Wednesday, July 3, 2019

A simple Data Science Project

Those who follow this blog regularly must have gotten a good understanding of NumPy and Pandas. Now let's use these libraries to work on a simple data science project. I am going to choose our dataset from the website Kaggle.com. Kaggle, is a Google-owned online community of data scientists and users. Kaggle allows users to find datasets, download the data, and use the data under very open licenses, in most cases.

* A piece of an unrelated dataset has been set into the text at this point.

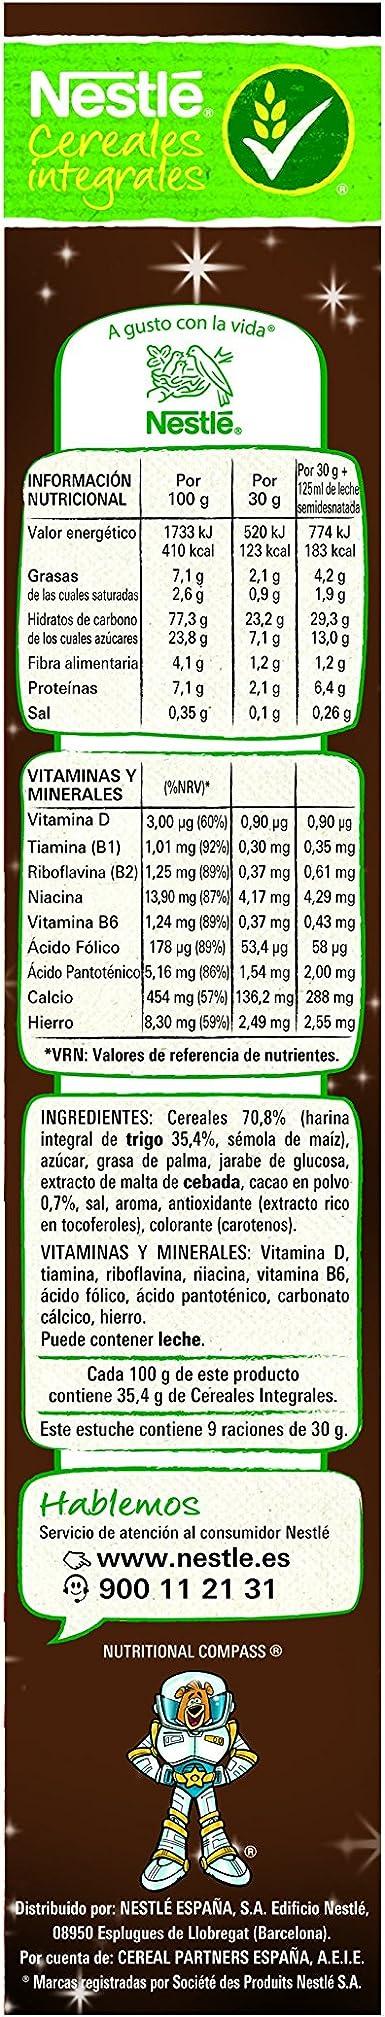 Nestlé Estrellitas Cereales de maíz y trigo tostados sabor galleta maría - 270 gr
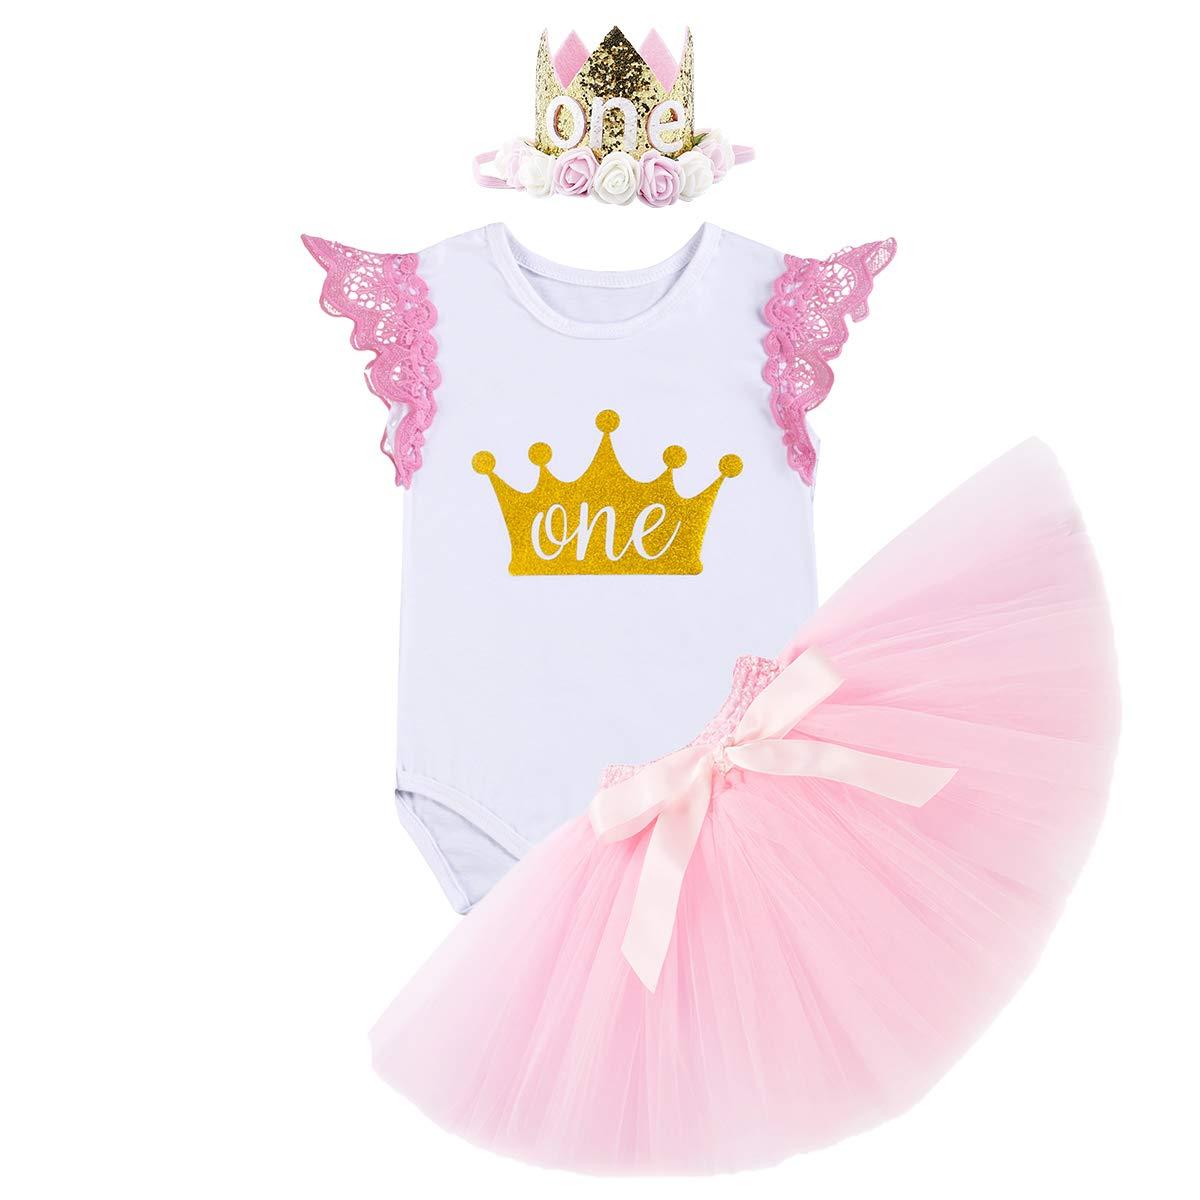 Baby Mädchen Einhorn 1 Geburtstag Party Outfit Strampler Tutu Rock Stirnband

I'll use the diamonds” database from Kaggle.com as it has a fairly simple structure and only has about 54,000 elements. Just download it at https://www.kaggle.com/shivam2503/diamonds. Once you have the diamonds database just see the metadata, it consists of variables, which also can be thought of as column headers. See the table below:


To use this as a training set for a machine-learning program, we would see a program using NumPy and TensorFlow to implement a set of simple pandas-based data analysis to read our data and ask some questions.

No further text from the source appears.